━━ Data to examine ━━

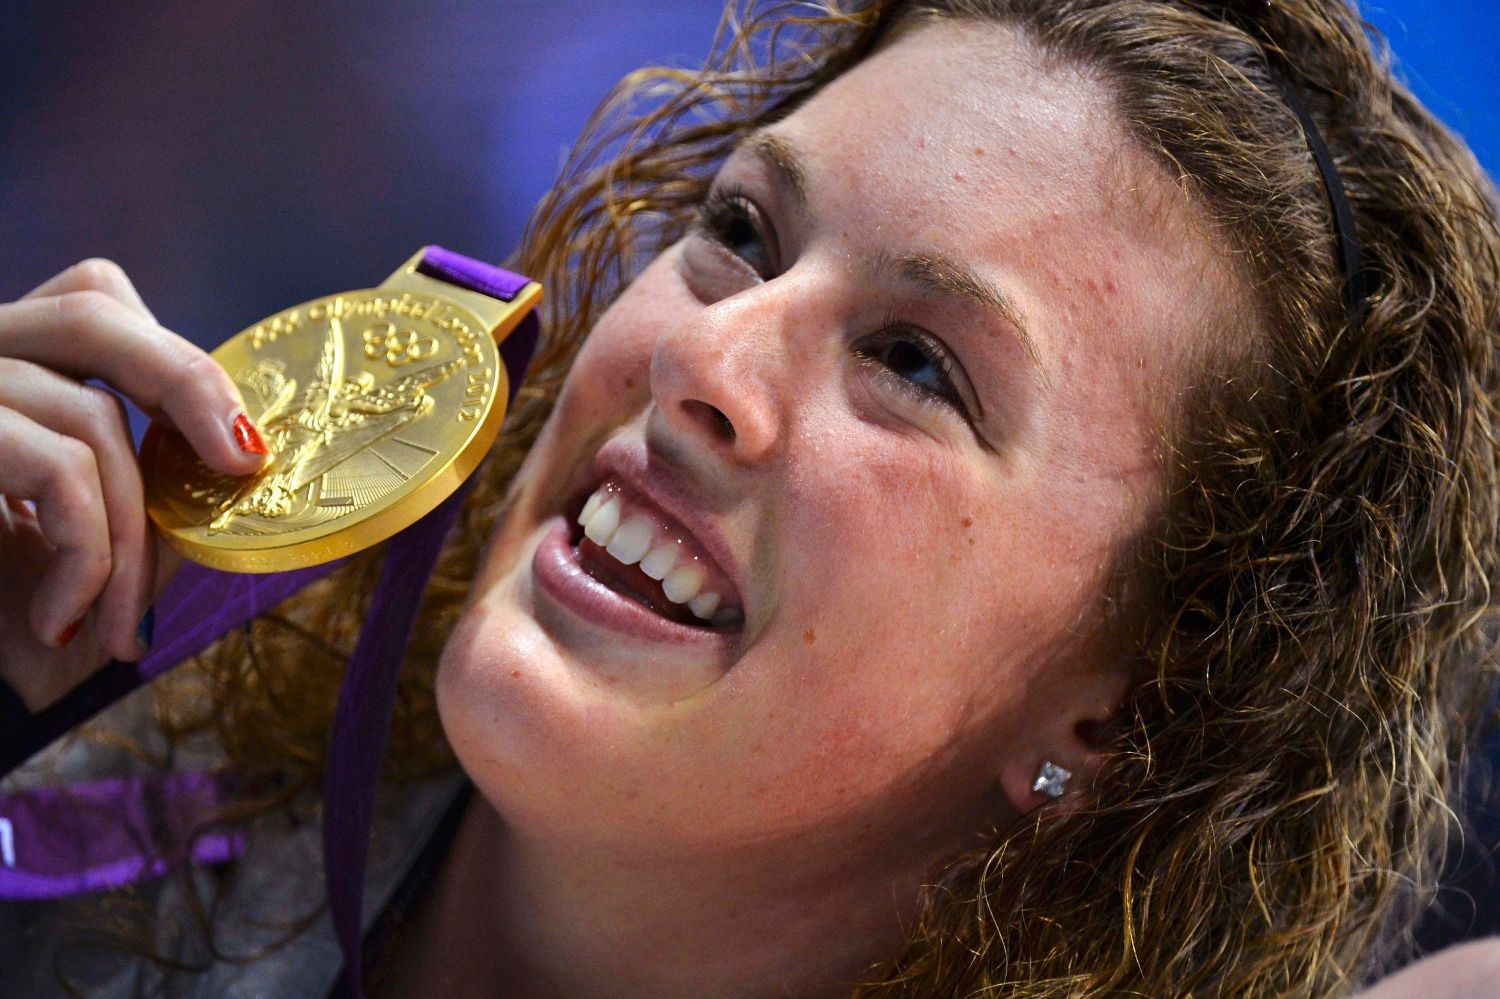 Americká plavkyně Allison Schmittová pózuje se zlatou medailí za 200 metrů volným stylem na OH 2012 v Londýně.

━━━
━━ Data to examine ━━

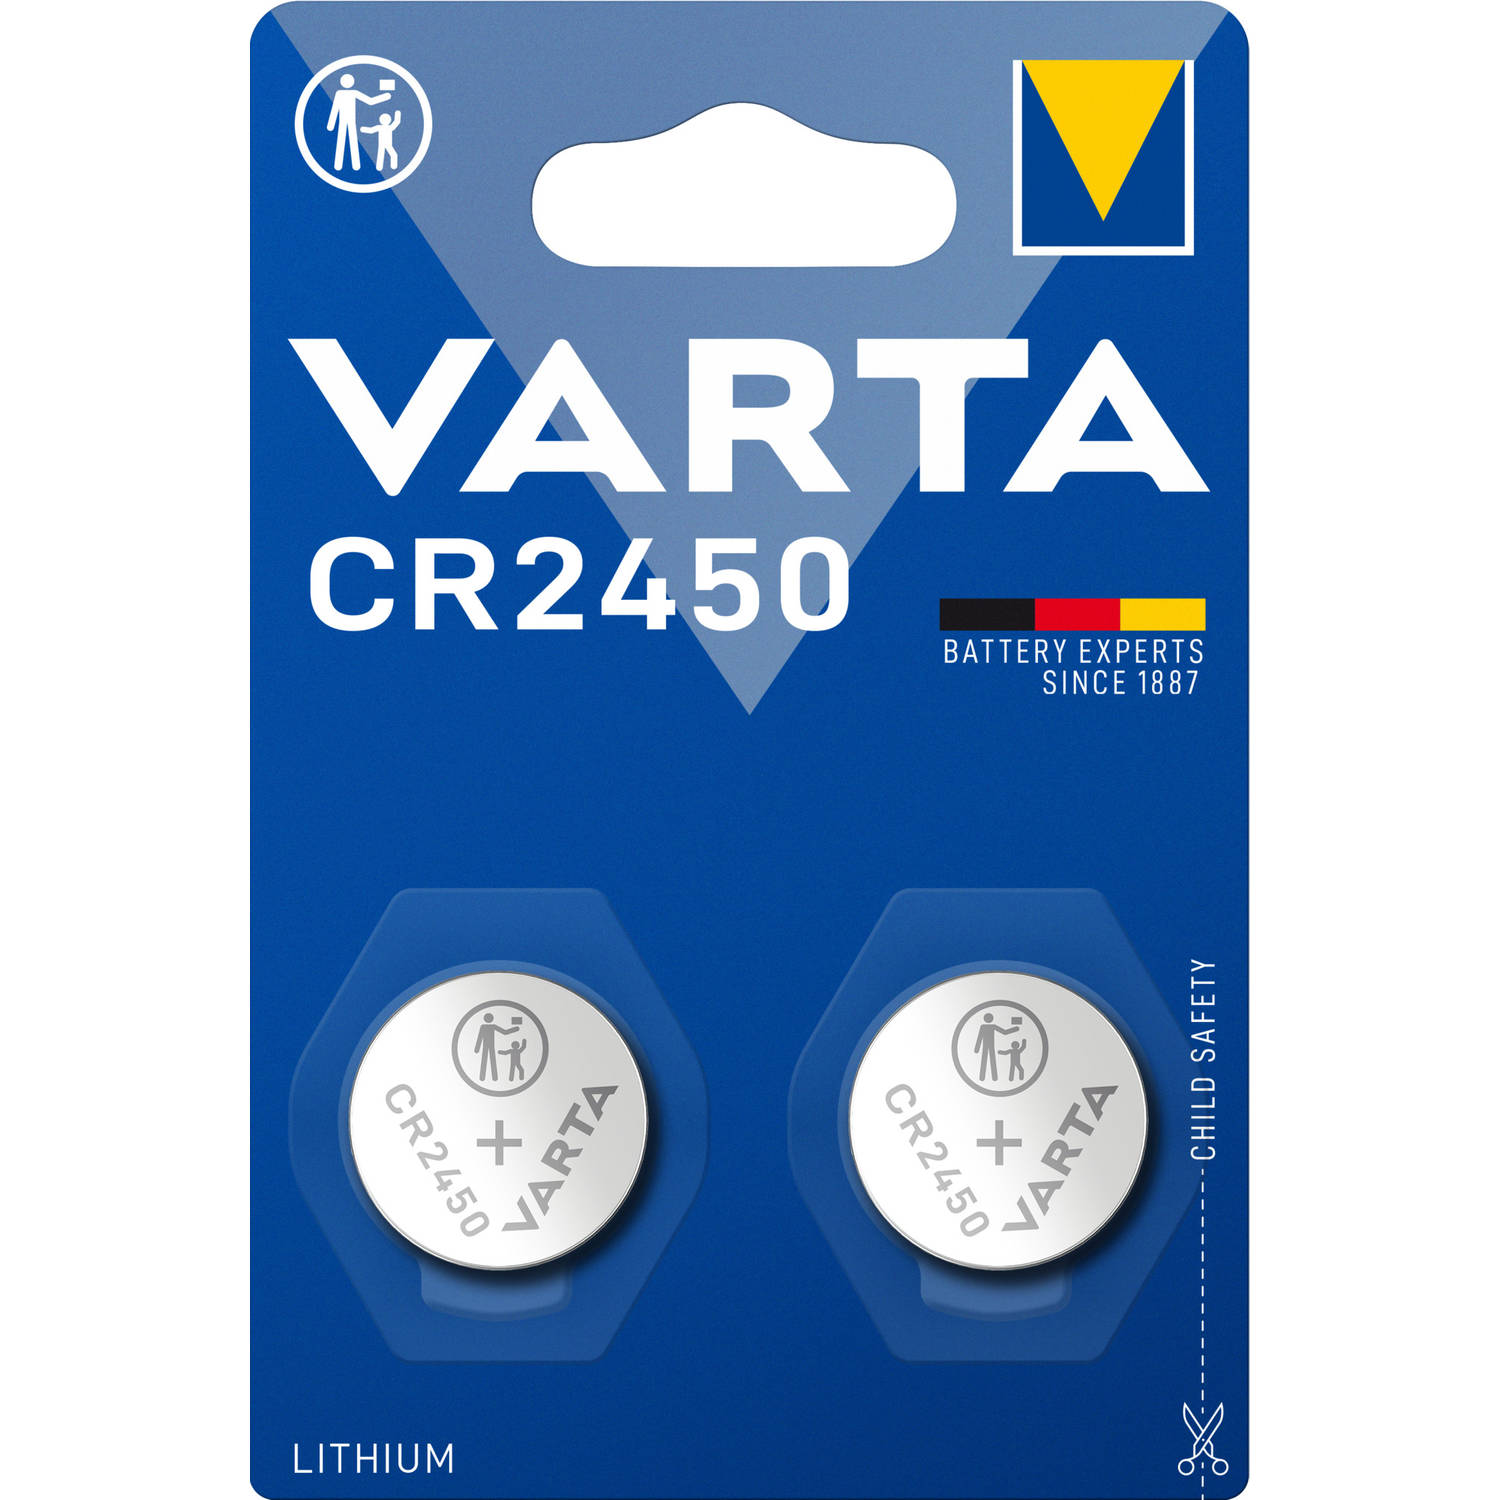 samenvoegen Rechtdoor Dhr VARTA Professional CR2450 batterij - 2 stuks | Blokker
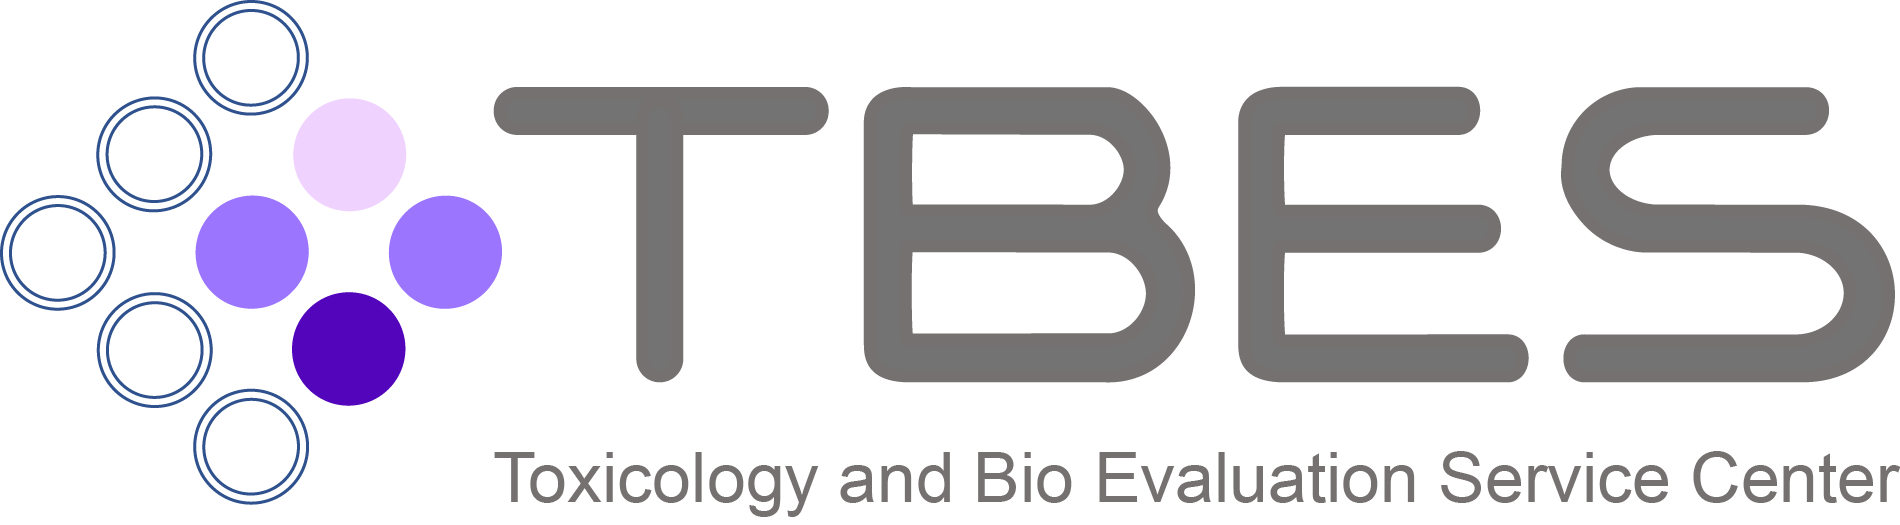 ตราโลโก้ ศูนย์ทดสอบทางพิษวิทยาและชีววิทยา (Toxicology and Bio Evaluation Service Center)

━━━

**Task description:** Using the listing above, restate exactly the range between the lines holding "samenvoegen Rechtdoor Dhr" and "ตราโลโก้ ศูนย์ทดสอบทางพิษวิทยาและชีววิทยา (Toxicology", inclusive, with pictures left out.

**Expected answer:**
 samenvoegen Rechtdoor Dhr VARTA Professional CR2450 batterij - 2 stuks | Blokker
 ตราโลโก้ ศูนย์ทดสอบทางพิษวิทยาและชีววิทยา (Toxicology and Bio Evaluation Service Center)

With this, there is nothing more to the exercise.